Everything in the listing that follows should be reproduced exactly except the pictures.

SUPPLIED INFORMATION:
* * * * *

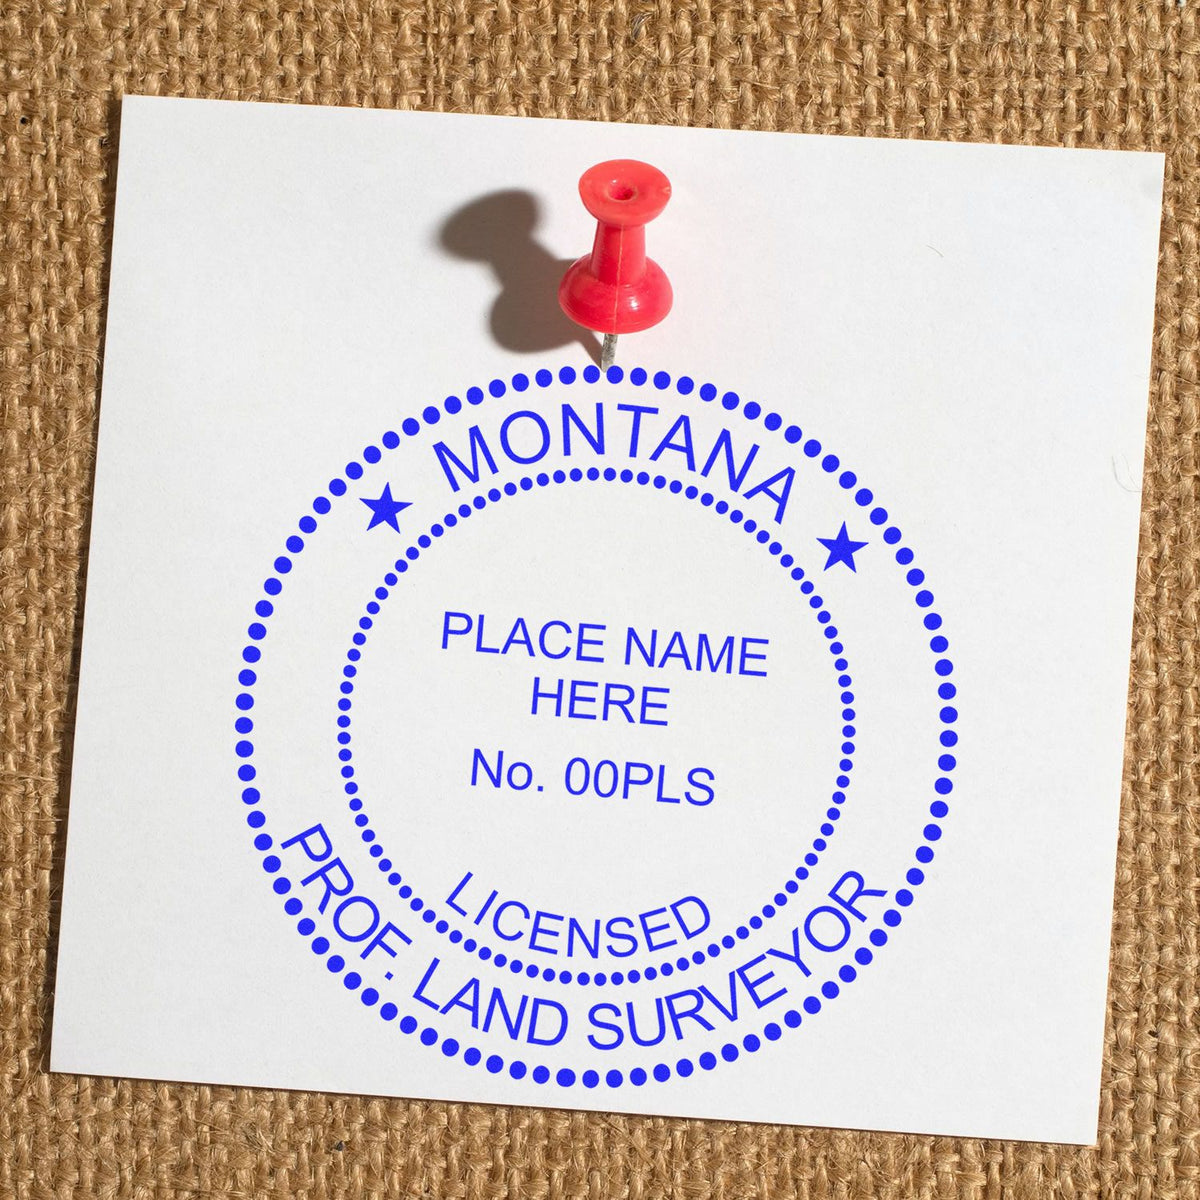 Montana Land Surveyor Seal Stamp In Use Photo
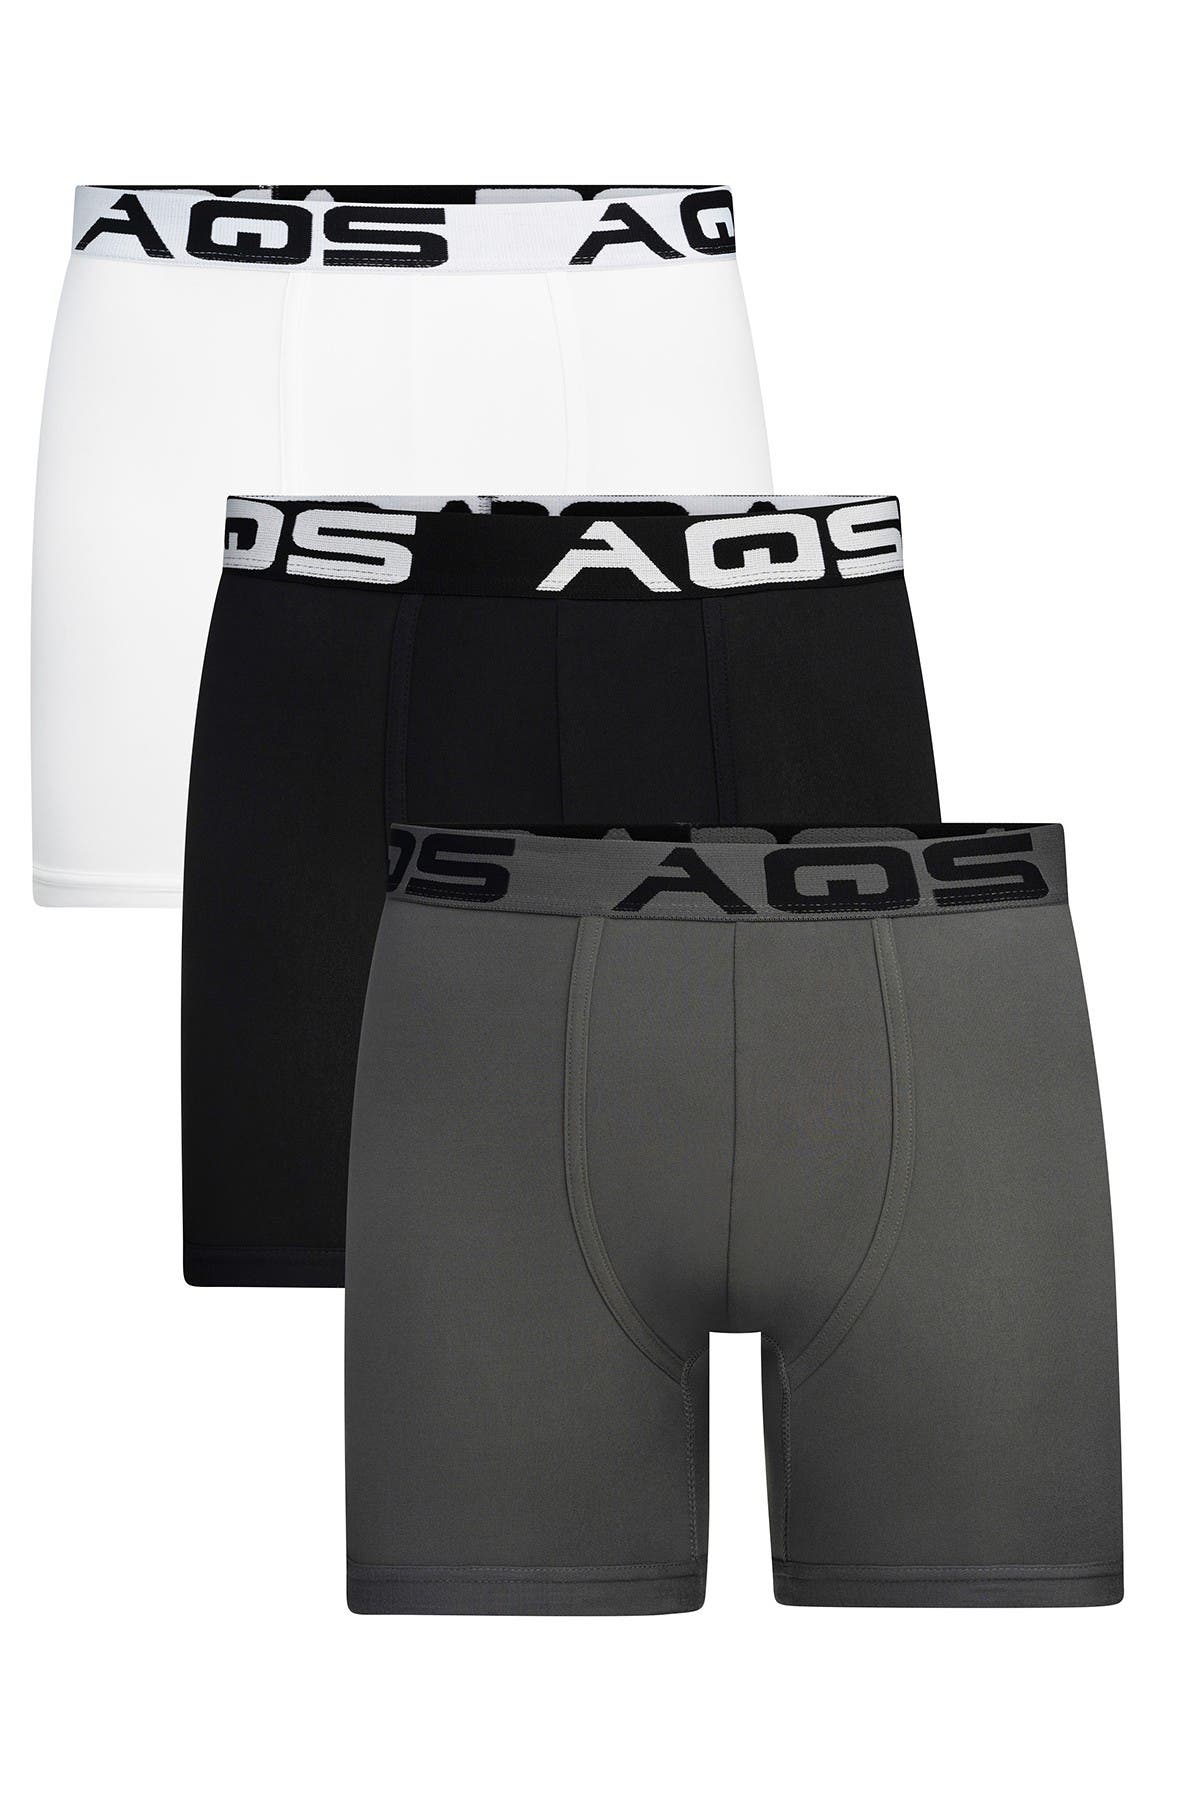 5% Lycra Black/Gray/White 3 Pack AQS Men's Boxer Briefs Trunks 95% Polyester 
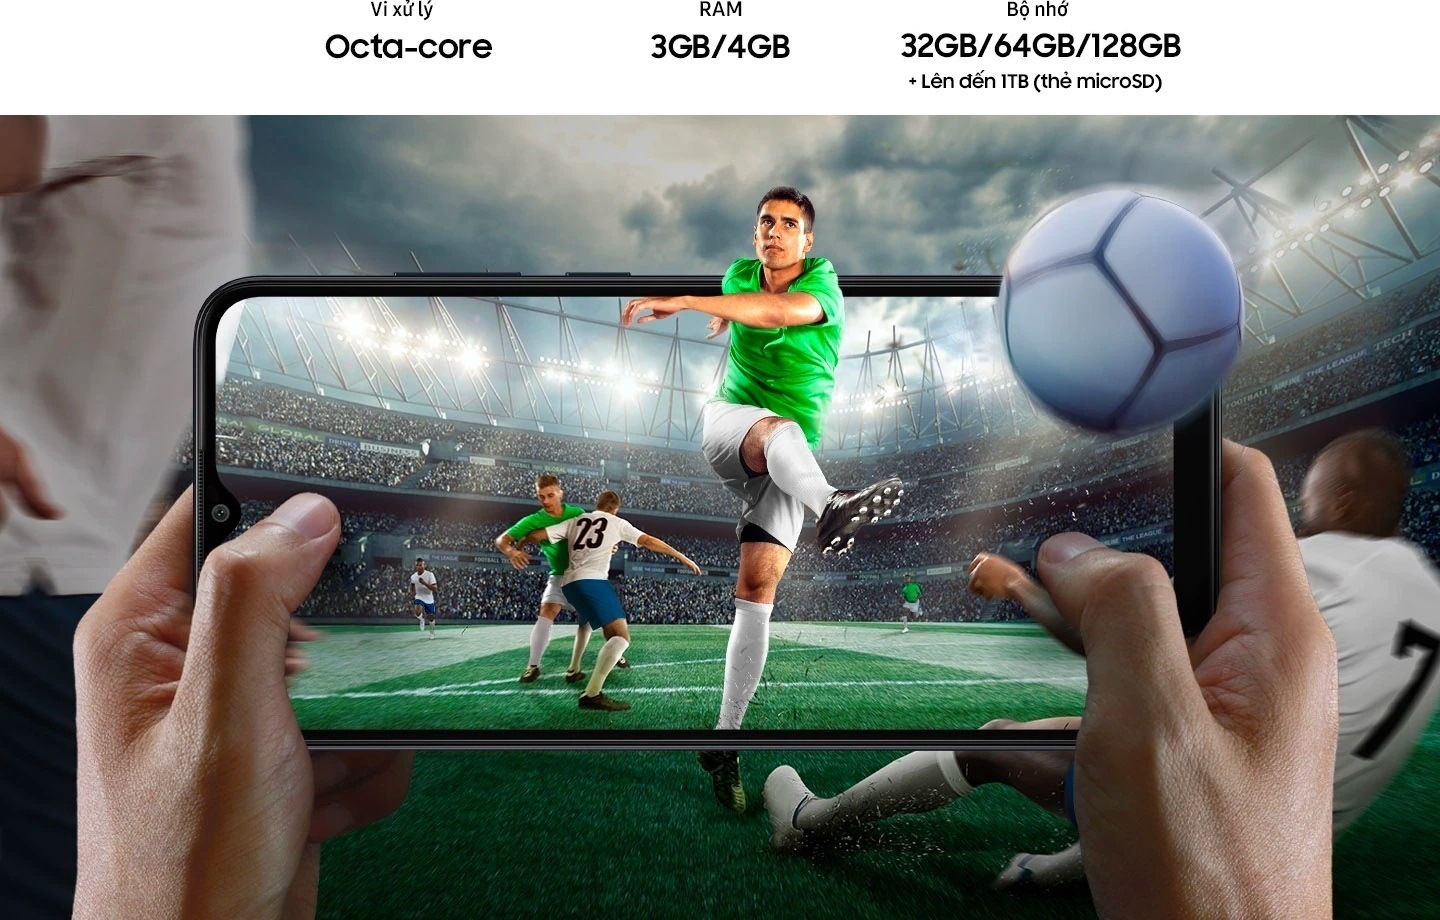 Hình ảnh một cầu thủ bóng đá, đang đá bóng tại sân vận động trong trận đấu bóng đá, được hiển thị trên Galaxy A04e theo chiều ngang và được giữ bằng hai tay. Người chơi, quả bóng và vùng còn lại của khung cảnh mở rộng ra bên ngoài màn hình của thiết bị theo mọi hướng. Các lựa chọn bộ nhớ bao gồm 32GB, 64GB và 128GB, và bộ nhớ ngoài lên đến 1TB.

* * * * *

EXERCISE OUTPUT:
 Montana Land Surveyor Seal Stamp In Use Photo
 5% Lycra Black/Gray/White 3 Pack AQS Men's Boxer Briefs Trunks 95% Polyester 
 Hình ảnh một cầu thủ bóng đá, đang đá bóng tại sân vận động trong trận đấu bóng đá, được hiển thị trên Galaxy A04e theo chiều ngang và được giữ bằng hai tay. Người chơi, quả bóng và vùng còn lại của khung cảnh mở rộng ra bên ngoài màn hình của thiết bị theo mọi hướng. Các lựa chọn bộ nhớ bao gồm 32GB, 64GB và 128GB, và bộ nhớ ngoài lên đến 1TB.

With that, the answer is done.